| HN Mirror

Y	Hacker News new \| ask \| show \| jobs


	by pdxww 2569 days ago
	The model needs to be retrained from sctratch for different types of texts. One can release a model trained to generate Trump tweets, but it's of not much use for generating fake news on a specific topic.

3 comments

gwern 2568 days ago

Not in the least. It's quite easy to retrain, even for very different domains. Like my GPT-2 poetry: https://www.gwern.net/GPT-2 Or google around and look at all the things people have been retraining GPT-2 on, like https://www.reddit.com/r/SubSimulatorGPT2/

link

p1esk 2568 days ago

Can you please show us the best poetry example you generated? Does it rhyme?

link

gwern 2568 days ago

Most of the examples don't rhyme.

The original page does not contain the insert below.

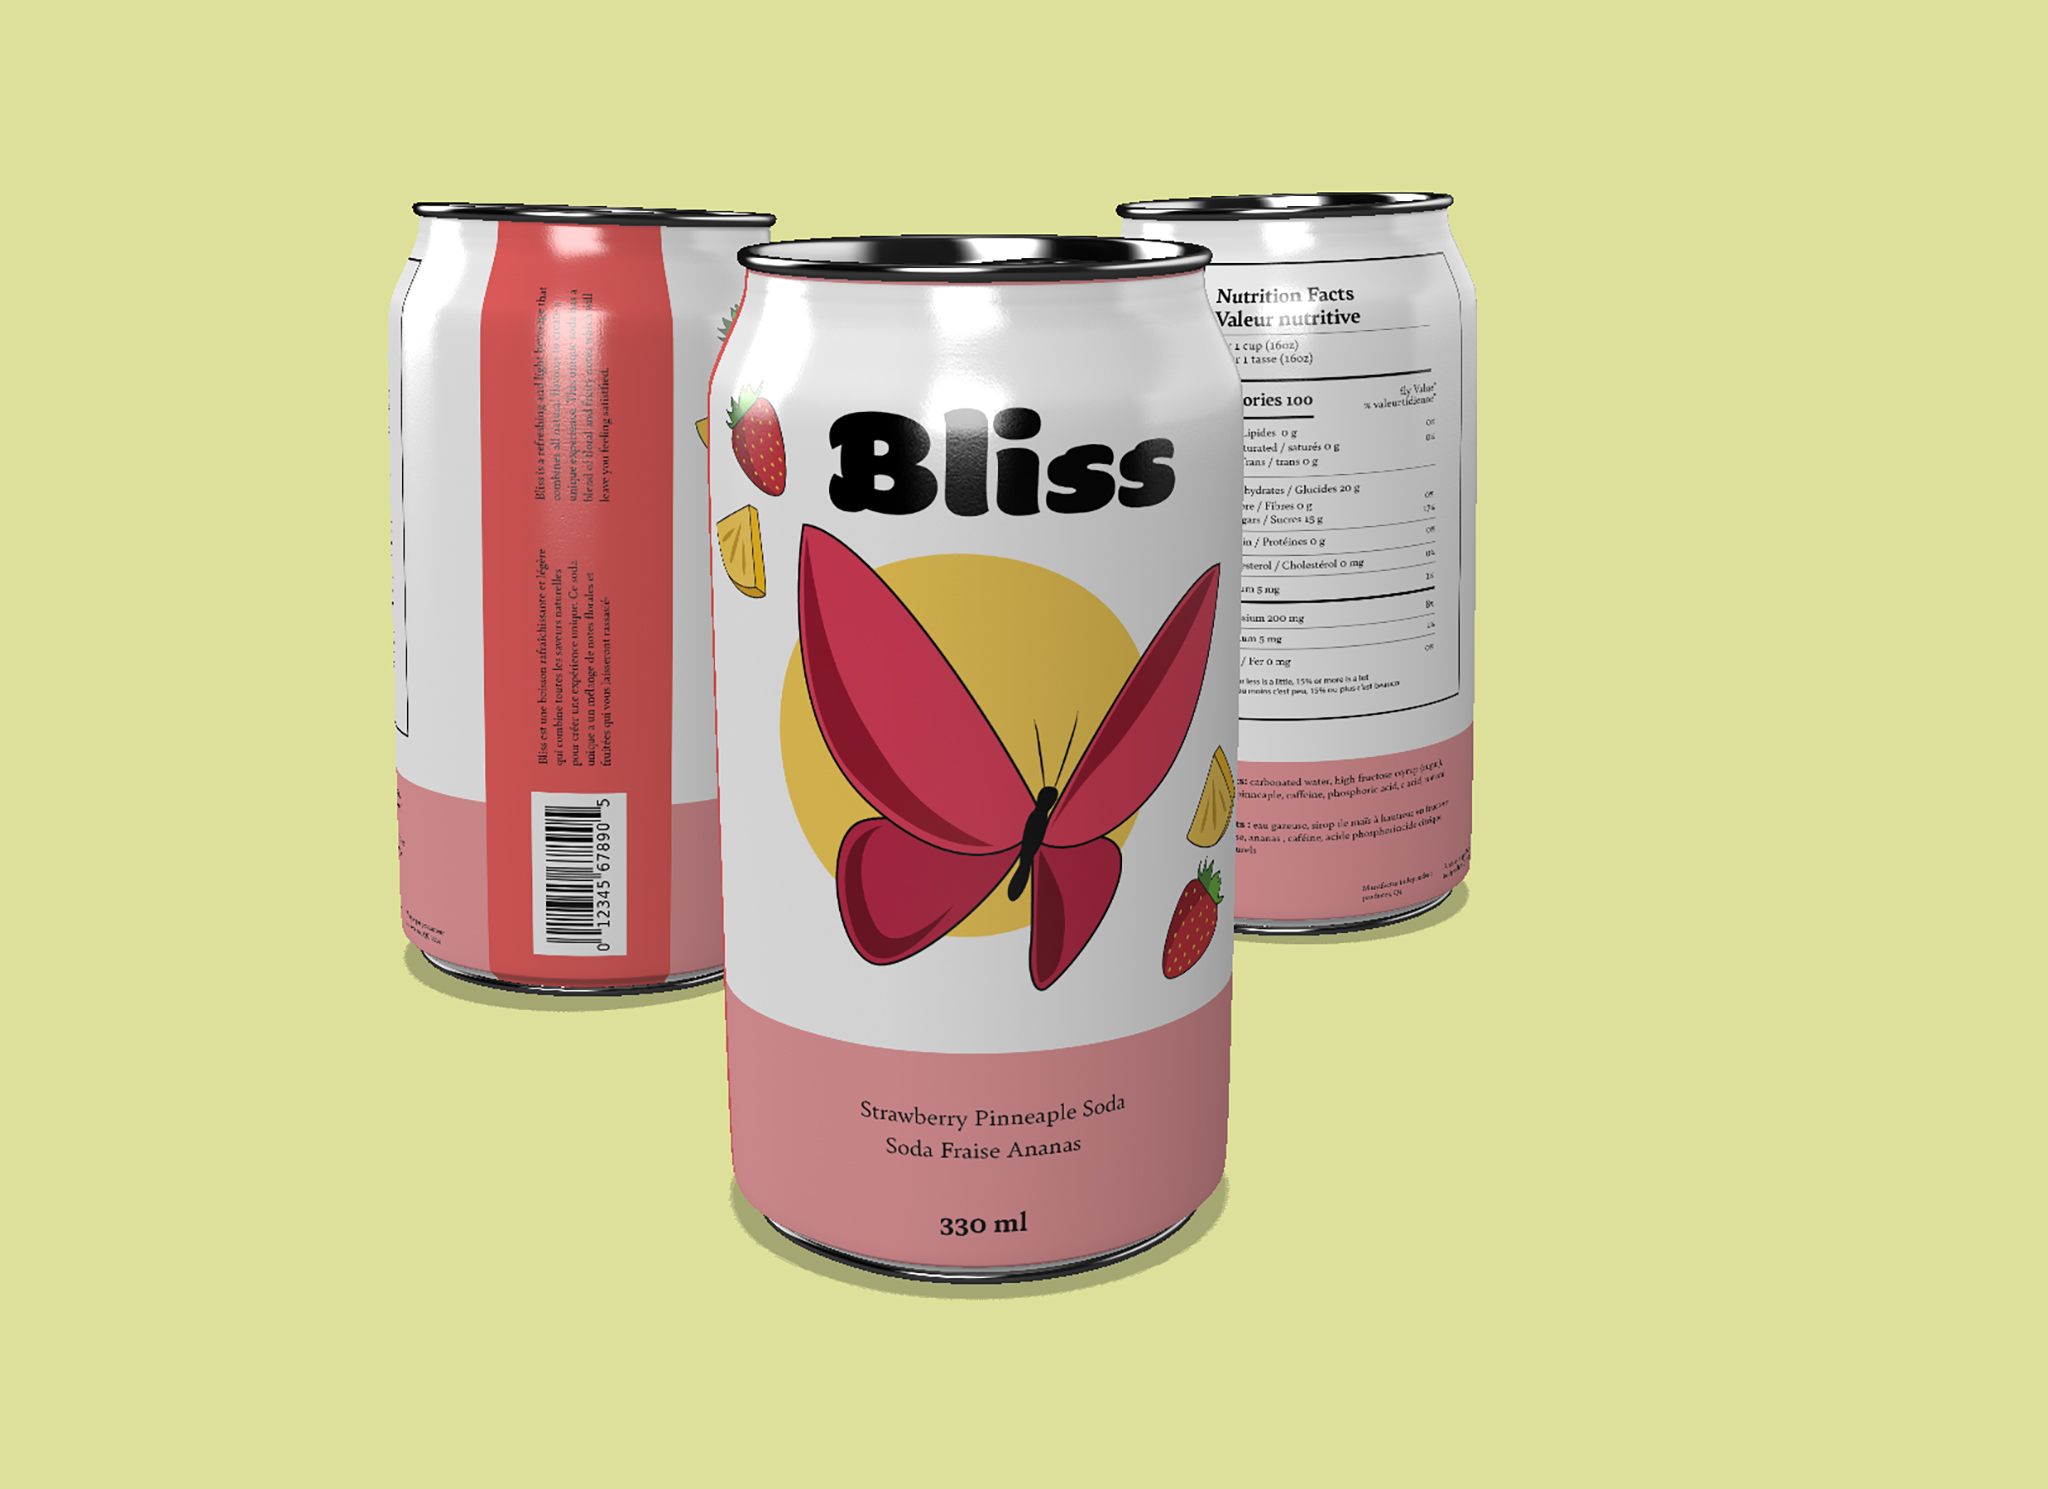 A red soda can with the flavour "lavender and blueberry". There is an illustration of a butterfly in the middle

It's unclear to me if this is because most of the original poetry doesn't rhyme so it's just faithfully replicating the lack of rhyme, or if it only partially and accidentally grasps the idea of rhyme.

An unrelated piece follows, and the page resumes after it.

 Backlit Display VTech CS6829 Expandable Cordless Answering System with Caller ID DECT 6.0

As for the best one, I quote the ones that struck me during the training process, and some are highlighted in https://www.gwern.net/GPT-2#unconditional-samples

Some of the ones I like are 'We never say "Thank you"', 'Thy soul, thy very soul is burning!', '"It is morn!” said the clover-bush', 'And they have seen the last light fail', 'There comes a murmur low and sweet'.

Probably the best IMO is 'The sun is gone, and the night is late', but of course everyone will have a different favorite.

link

p1esk 2568 days ago

Yes, "The sun is gone..." starts out amazingly well. But later fixates on tides for some reason :)

Everything is generated by the 117M model, correct? If so, do you expect the quality to improve for larger models, or is there not enough poetry to train them on? I wonder how much of total poetry is contained in Gutenberg poetry corpus...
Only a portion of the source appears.